Exercise description:
Please transcribe the listing below in full, exactly as written, leaving out its pictures.

- - - - -

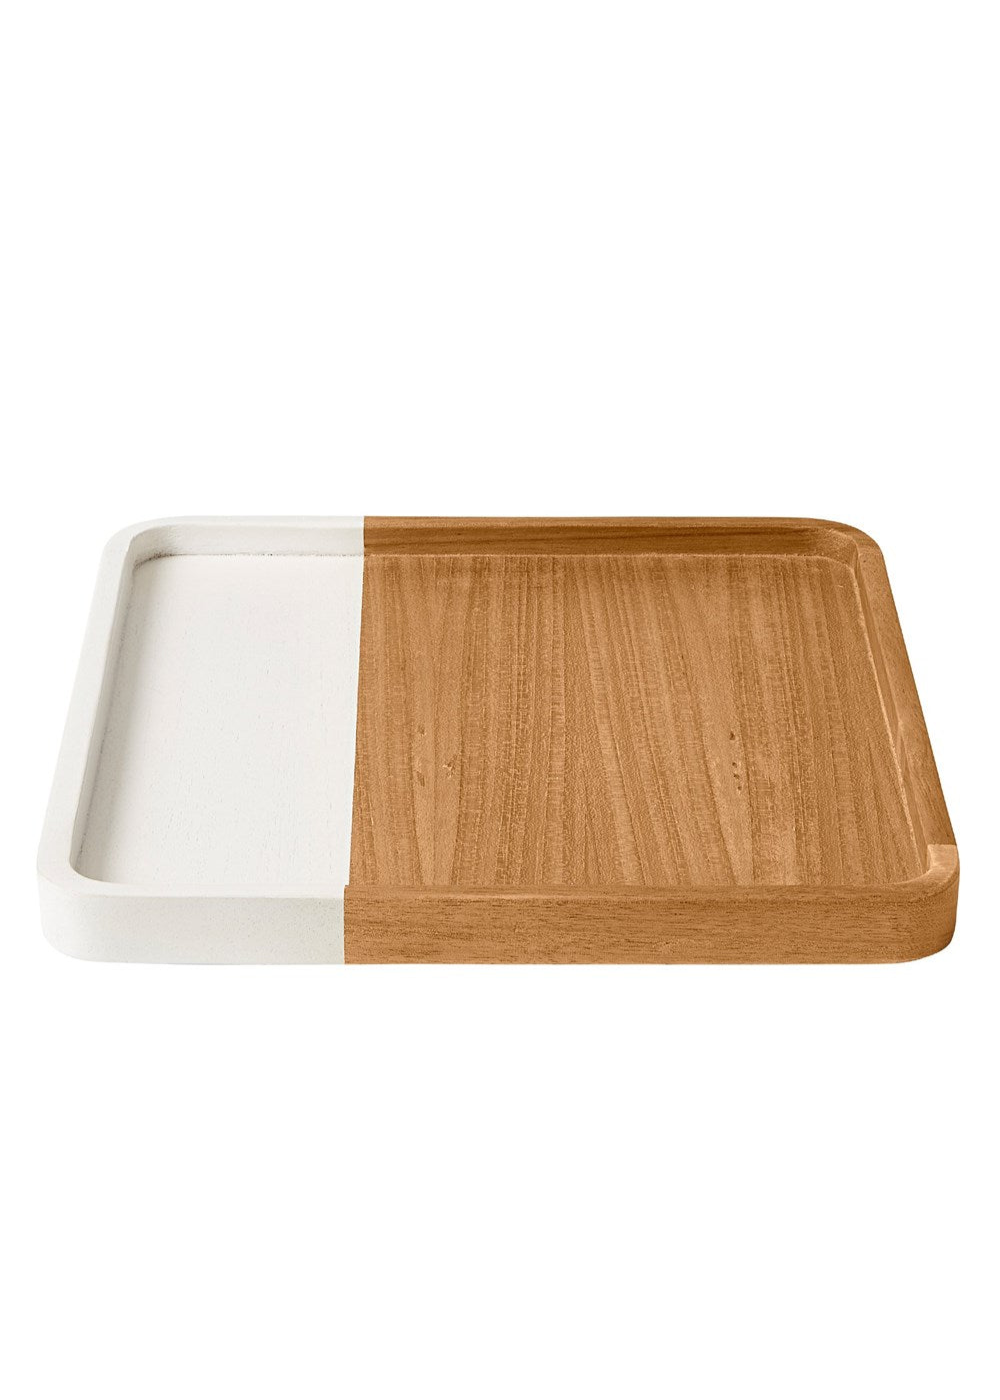 marley display tray timber/white
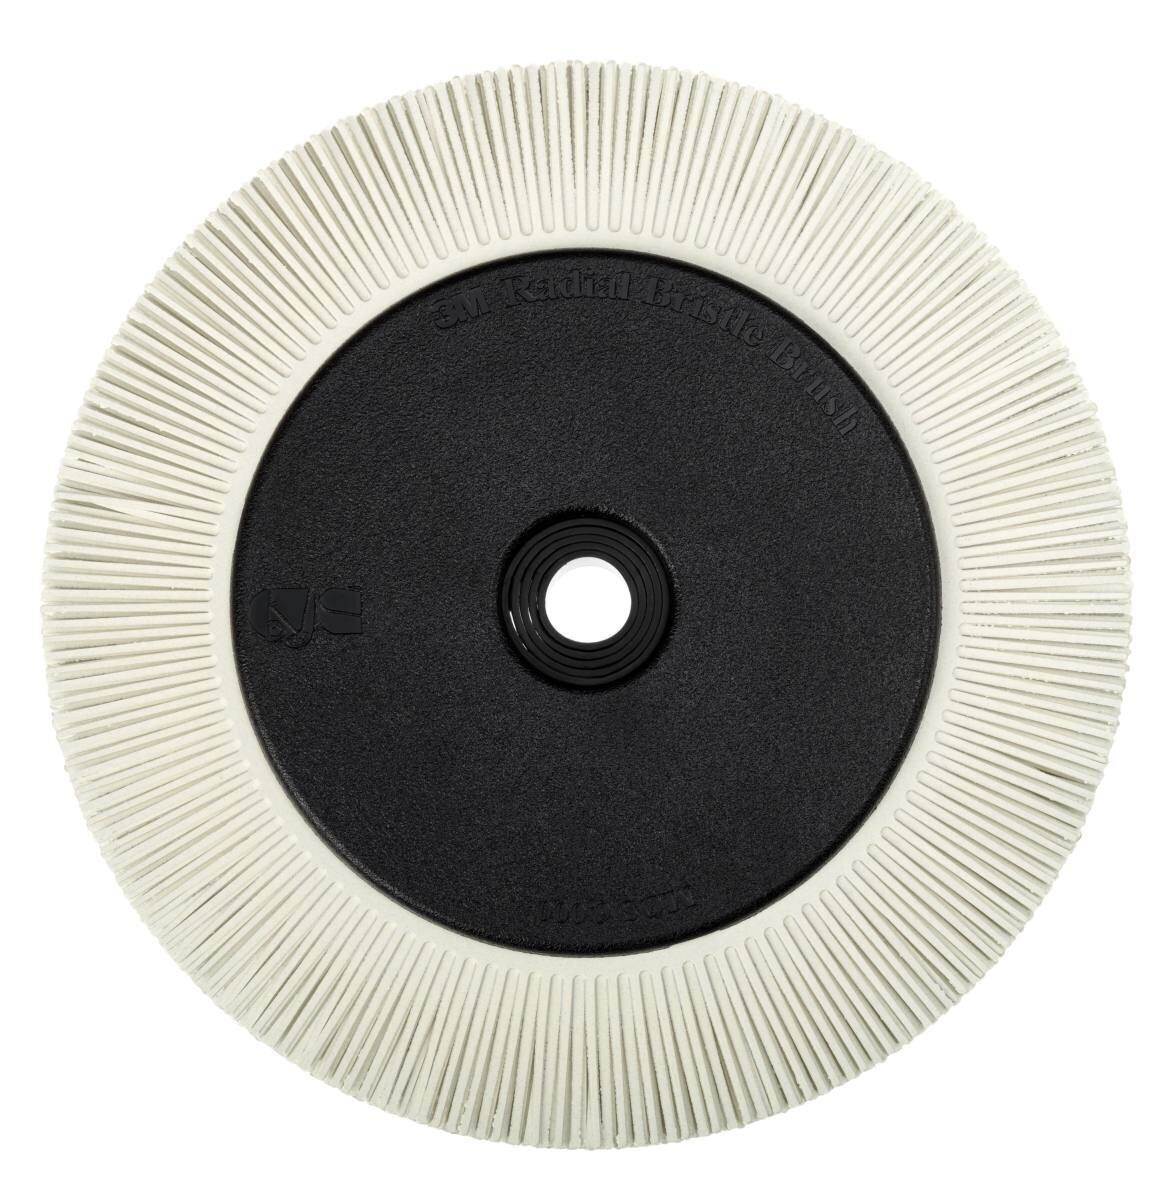 3M Scotch-Brite Radial Bristle Disc BB-ZB laipalla, valkoinen, 203.2, mm P120, tyyppi S #33083
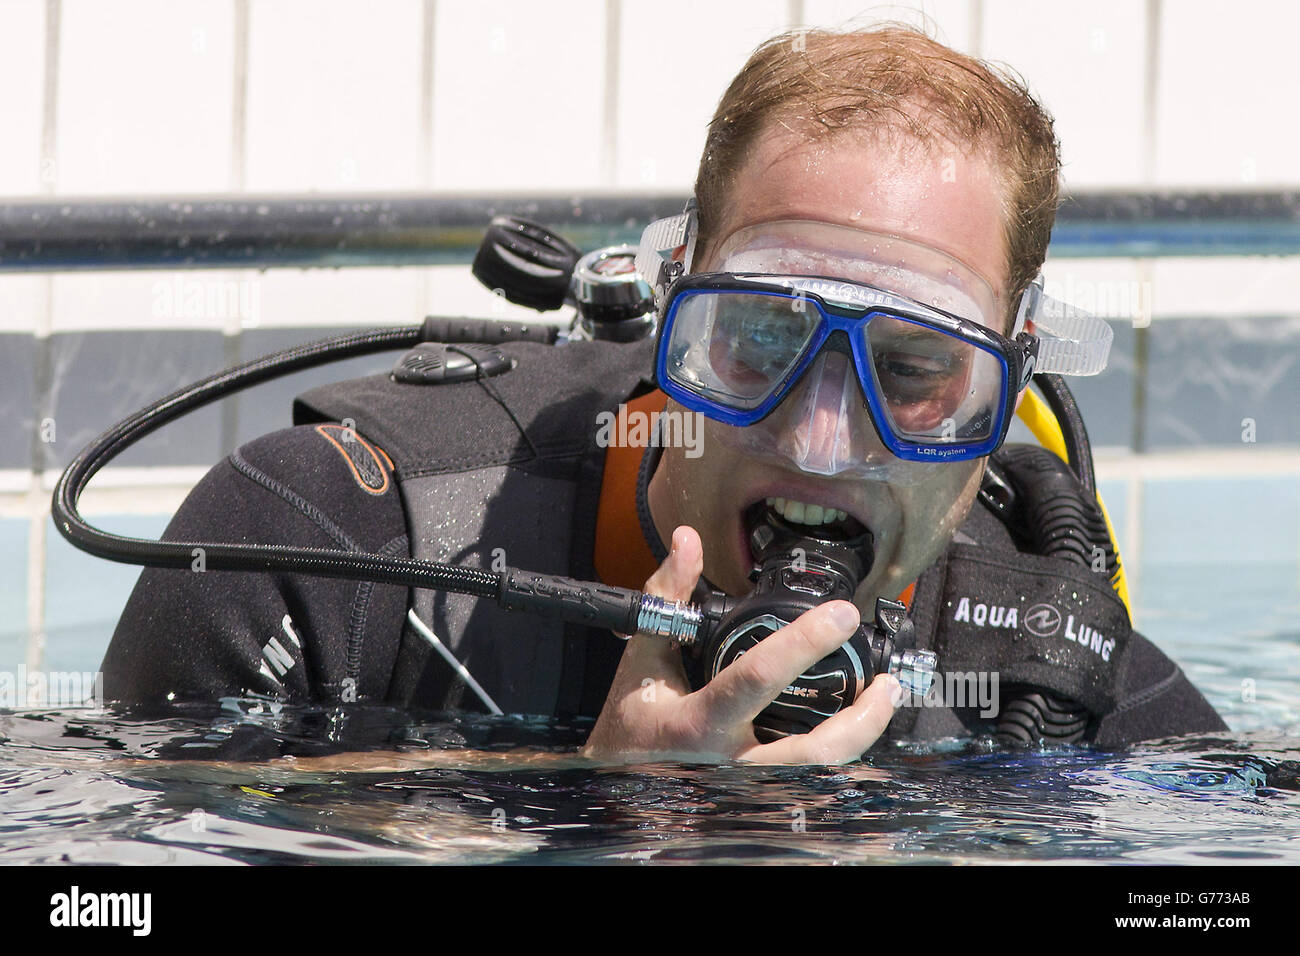 The Duke of Cambridge scuba dives with British Sub-Aqua Club (BSAC) members at a swimming pool in London. Stock Photo
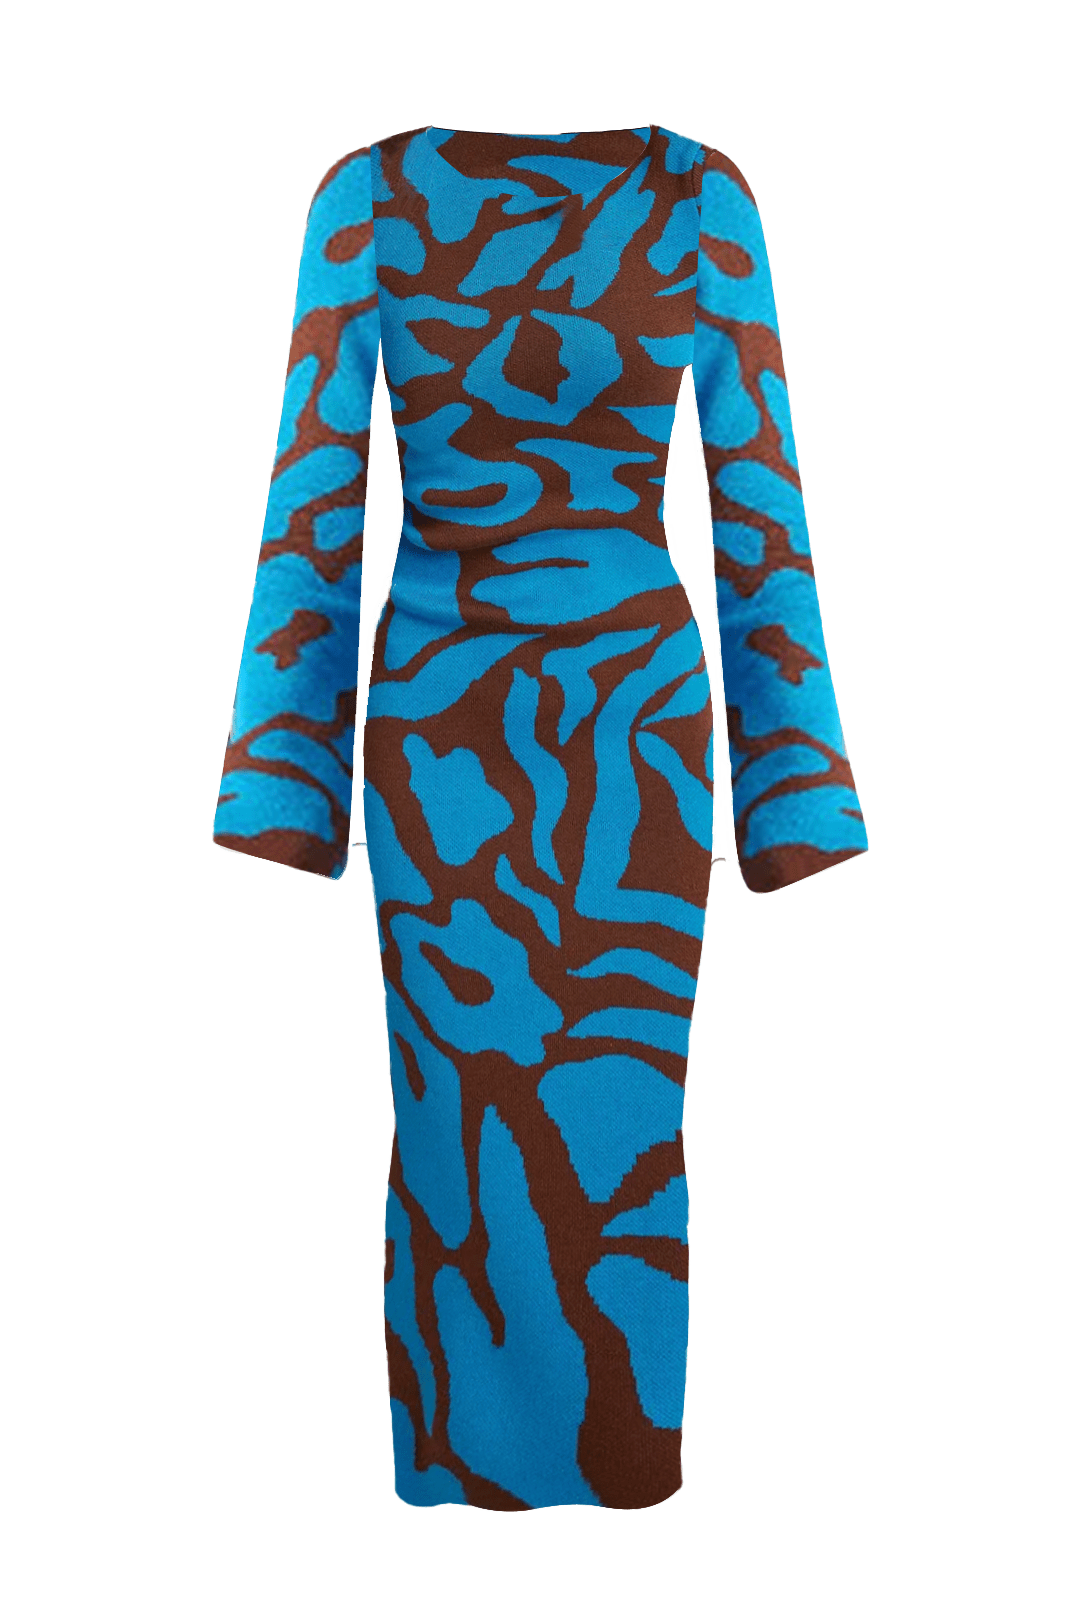 Knitted Blue Bodycon Dress - Kelly Obi New York
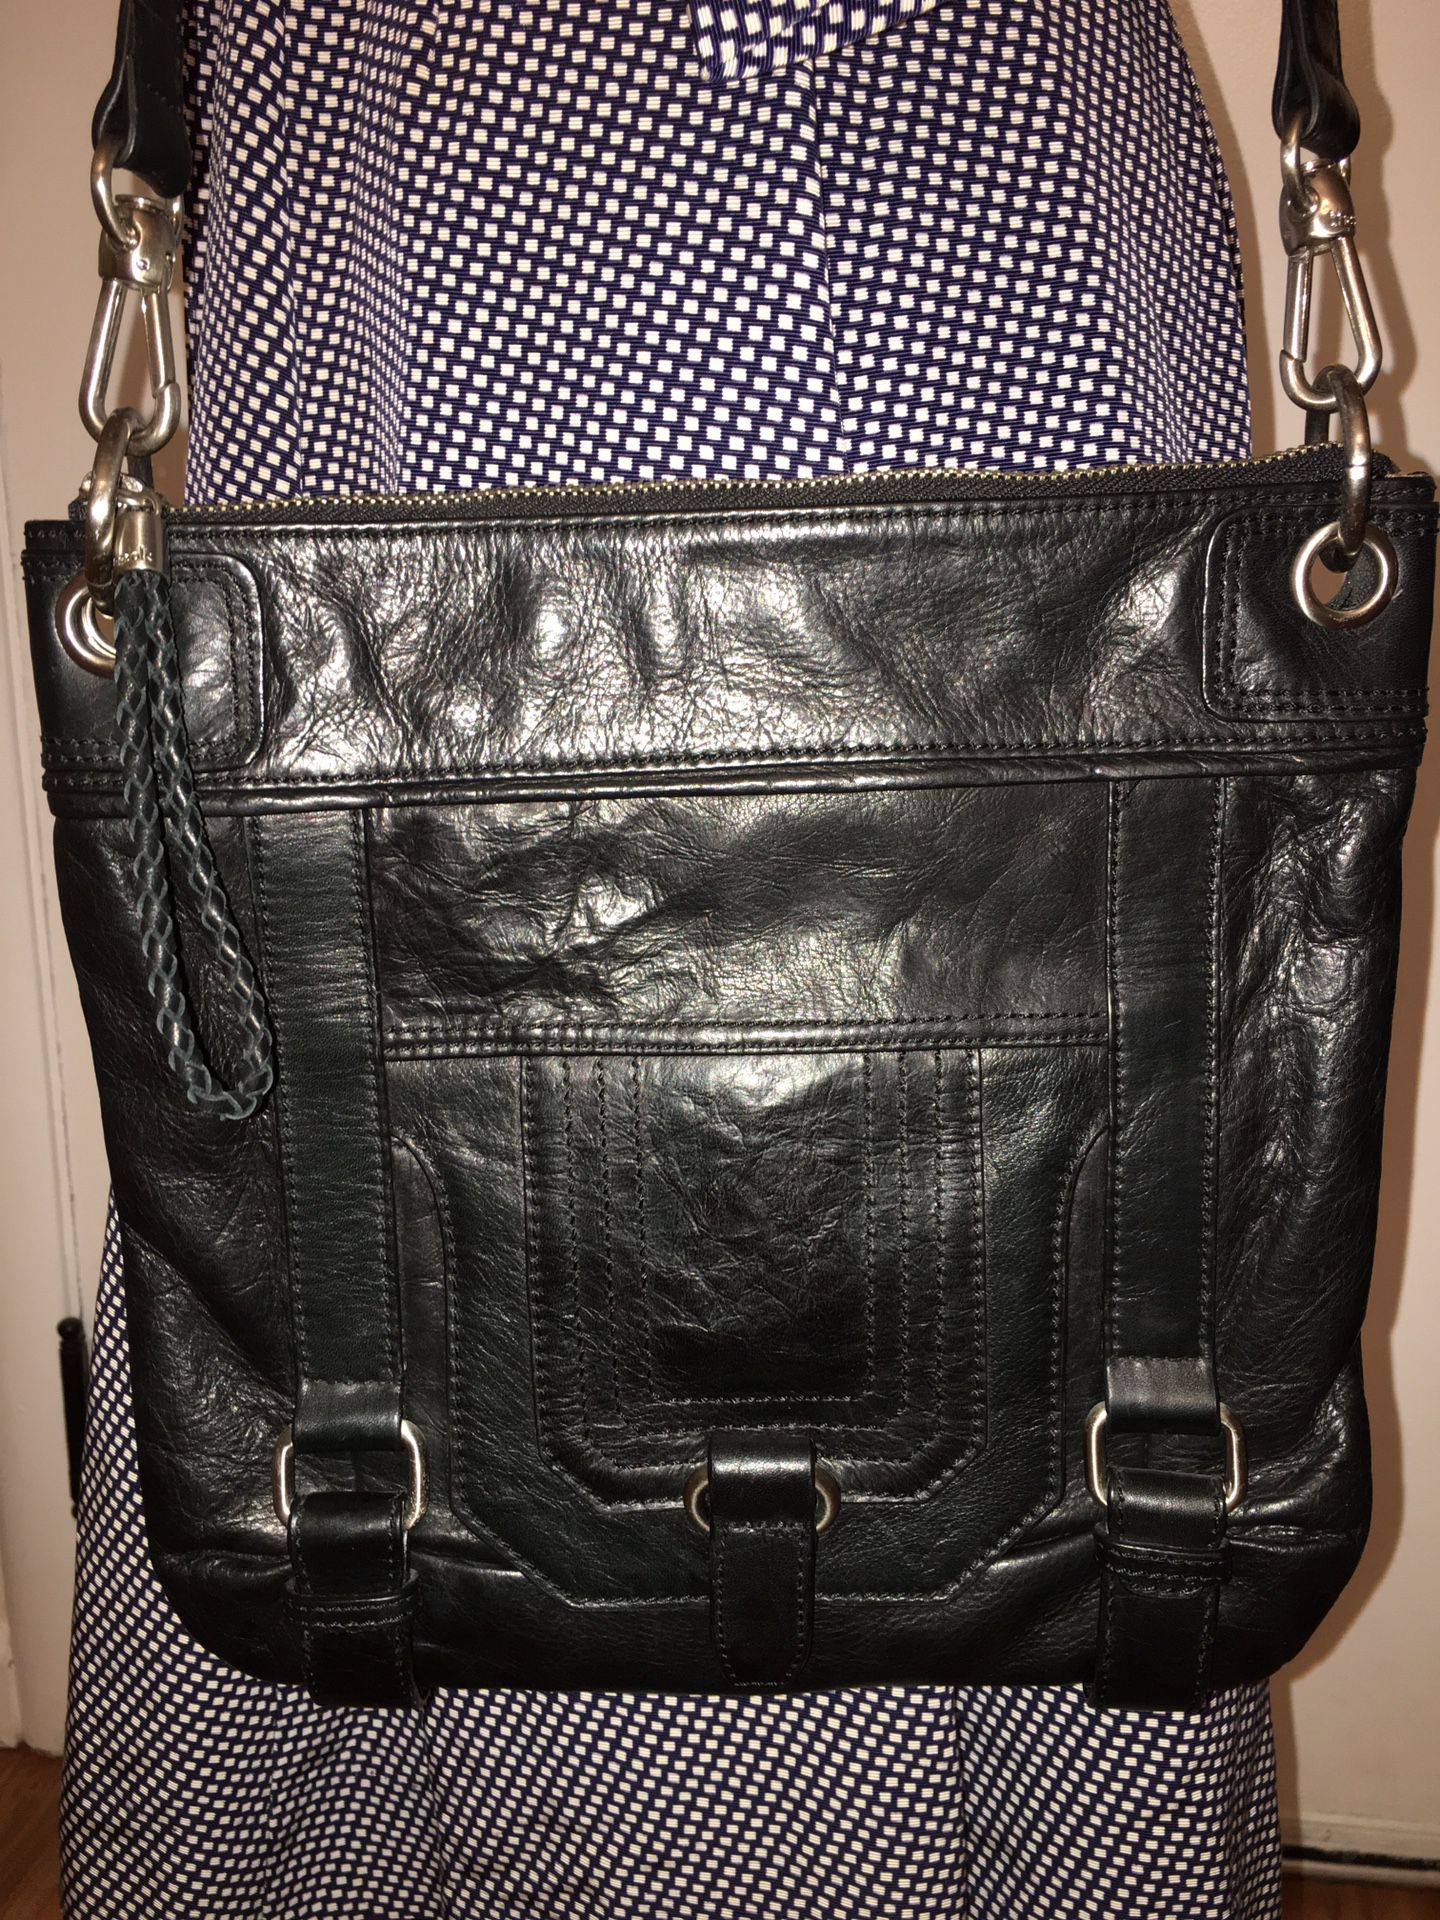 Black leather crossbody bag by The Sak

- - - - -

Problem solution:
 marley display tray timber/white
 3M Scotch-Brite Radial Bristle Disc BB-ZB laipalla, valkoinen, 203.2, mm P120, tyyppi S #33083
 The Duke of Cambridge scuba dives with British Sub-Aqua Club (BSAC) members at a swimming pool in London. Stock Photo
 Knitted Blue Bodycon Dress - Kelly Obi New York
 Black leather crossbody bag by The Sak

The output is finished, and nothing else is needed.